Task requirements
From the records below, transcribe only the lines running from the one with "IInJYbhuy Online Shop" through the one with "Murumuru nuts and leaves". Keep both of those end lines.

Records from a dataset:
·····

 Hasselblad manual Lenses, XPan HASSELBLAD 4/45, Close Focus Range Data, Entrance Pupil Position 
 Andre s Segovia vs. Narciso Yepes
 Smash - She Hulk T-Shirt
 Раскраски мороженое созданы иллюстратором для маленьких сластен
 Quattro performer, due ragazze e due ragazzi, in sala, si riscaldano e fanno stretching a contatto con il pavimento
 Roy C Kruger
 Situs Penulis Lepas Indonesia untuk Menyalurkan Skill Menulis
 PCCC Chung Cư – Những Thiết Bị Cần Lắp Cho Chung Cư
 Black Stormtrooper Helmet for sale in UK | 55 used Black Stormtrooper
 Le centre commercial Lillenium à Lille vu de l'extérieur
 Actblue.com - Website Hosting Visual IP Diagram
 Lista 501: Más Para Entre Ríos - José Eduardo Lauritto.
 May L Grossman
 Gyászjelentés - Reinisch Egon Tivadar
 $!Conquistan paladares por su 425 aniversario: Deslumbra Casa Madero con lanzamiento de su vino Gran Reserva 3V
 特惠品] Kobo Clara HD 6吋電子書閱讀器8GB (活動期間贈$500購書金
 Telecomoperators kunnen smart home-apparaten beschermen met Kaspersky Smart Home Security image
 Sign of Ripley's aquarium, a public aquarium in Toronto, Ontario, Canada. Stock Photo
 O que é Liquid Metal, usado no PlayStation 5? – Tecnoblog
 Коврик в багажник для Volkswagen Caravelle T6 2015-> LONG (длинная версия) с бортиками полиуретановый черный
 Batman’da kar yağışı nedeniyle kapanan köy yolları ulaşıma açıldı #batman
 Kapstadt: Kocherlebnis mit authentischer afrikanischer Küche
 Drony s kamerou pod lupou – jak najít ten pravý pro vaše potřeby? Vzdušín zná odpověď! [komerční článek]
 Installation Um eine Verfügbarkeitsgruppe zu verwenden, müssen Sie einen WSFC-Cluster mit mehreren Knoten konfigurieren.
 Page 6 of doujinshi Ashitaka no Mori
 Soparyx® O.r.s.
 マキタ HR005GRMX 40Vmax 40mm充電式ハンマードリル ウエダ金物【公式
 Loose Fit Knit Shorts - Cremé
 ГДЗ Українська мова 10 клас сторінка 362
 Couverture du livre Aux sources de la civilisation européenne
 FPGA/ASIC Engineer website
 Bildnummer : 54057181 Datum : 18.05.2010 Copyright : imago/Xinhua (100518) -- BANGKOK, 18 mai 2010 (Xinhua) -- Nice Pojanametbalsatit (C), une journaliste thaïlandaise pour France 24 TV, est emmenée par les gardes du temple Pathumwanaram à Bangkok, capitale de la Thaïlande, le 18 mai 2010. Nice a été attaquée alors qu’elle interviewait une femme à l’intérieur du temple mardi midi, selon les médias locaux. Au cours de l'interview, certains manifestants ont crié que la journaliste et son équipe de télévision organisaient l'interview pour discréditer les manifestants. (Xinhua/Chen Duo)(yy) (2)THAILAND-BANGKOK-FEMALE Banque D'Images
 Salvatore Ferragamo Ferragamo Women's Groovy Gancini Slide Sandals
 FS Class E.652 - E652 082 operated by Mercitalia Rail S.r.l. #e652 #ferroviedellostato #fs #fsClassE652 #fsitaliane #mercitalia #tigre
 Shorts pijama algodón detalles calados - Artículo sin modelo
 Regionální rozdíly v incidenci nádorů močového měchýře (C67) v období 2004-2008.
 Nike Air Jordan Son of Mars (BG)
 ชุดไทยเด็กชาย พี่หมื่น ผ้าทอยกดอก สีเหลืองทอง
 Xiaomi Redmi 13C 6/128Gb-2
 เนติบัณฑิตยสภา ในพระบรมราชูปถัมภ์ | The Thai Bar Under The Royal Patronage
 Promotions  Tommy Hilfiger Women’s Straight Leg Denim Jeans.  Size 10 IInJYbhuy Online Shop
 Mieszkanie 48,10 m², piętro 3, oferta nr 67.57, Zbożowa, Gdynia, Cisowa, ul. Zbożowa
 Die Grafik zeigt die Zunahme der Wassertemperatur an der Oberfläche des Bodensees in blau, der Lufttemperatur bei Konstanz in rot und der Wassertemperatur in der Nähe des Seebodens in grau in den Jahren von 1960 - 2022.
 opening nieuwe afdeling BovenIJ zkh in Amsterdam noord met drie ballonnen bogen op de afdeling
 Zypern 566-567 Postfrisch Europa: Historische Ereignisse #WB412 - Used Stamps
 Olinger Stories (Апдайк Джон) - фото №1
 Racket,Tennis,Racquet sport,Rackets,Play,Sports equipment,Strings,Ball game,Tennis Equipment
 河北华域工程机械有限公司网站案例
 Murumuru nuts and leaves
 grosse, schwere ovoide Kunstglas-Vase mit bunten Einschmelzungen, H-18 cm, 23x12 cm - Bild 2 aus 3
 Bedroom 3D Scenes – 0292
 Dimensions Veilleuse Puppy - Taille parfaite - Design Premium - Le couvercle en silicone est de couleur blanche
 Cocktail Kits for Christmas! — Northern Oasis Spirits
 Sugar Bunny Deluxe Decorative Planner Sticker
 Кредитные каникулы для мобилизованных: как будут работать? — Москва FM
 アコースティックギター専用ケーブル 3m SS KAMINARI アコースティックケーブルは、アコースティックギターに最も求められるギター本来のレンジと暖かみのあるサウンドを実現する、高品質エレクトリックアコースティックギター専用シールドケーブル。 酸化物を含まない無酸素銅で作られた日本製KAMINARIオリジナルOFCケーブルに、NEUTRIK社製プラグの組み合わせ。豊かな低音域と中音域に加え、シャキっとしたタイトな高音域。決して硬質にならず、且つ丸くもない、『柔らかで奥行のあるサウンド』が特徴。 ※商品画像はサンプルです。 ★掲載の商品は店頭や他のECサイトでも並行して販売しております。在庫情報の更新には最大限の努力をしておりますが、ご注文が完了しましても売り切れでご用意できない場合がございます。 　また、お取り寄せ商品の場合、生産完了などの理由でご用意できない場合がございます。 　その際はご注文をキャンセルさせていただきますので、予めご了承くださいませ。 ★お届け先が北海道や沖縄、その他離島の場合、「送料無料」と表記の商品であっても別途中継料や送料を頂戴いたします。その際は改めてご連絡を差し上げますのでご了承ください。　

·····

Task solution
 Promotions  Tommy Hilfiger Women’s Straight Leg Denim Jeans.  Size 10 IInJYbhuy Online Shop
 Mieszkanie 48,10 m², piętro 3, oferta nr 67.57, Zbożowa, Gdynia, Cisowa, ul. Zbożowa
 Die Grafik zeigt die Zunahme der Wassertemperatur an der Oberfläche des Bodensees in blau, der Lufttemperatur bei Konstanz in rot und der Wassertemperatur in der Nähe des Seebodens in grau in den Jahren von 1960 - 2022.
 opening nieuwe afdeling BovenIJ zkh in Amsterdam noord met drie ballonnen bogen op de afdeling
 Zypern 566-567 Postfrisch Europa: Historische Ereignisse #WB412 - Used Stamps
 Olinger Stories (Апдайк Джон) - фото №1
 Racket,Tennis,Racquet sport,Rackets,Play,Sports equipment,Strings,Ball game,Tennis Equipment
 河北华域工程机械有限公司网站案例
 Murumuru nuts and leaves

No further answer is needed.